### [SOURCE DATA]
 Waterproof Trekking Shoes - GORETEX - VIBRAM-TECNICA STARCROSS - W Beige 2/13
--
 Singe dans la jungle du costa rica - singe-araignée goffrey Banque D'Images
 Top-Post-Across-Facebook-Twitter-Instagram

### [THE TASK]
After locating the line with "Singe dans la" in the material above, return it and each line after it exactly, ending at the line with "Top-Post-Across-Facebook-Twitter-Instagram".

### [TASK RESPONSE]
 Singe dans la jungle du costa rica - singe-araignée goffrey Banque D'Images
 Top-Post-Across-Facebook-Twitter-Instagram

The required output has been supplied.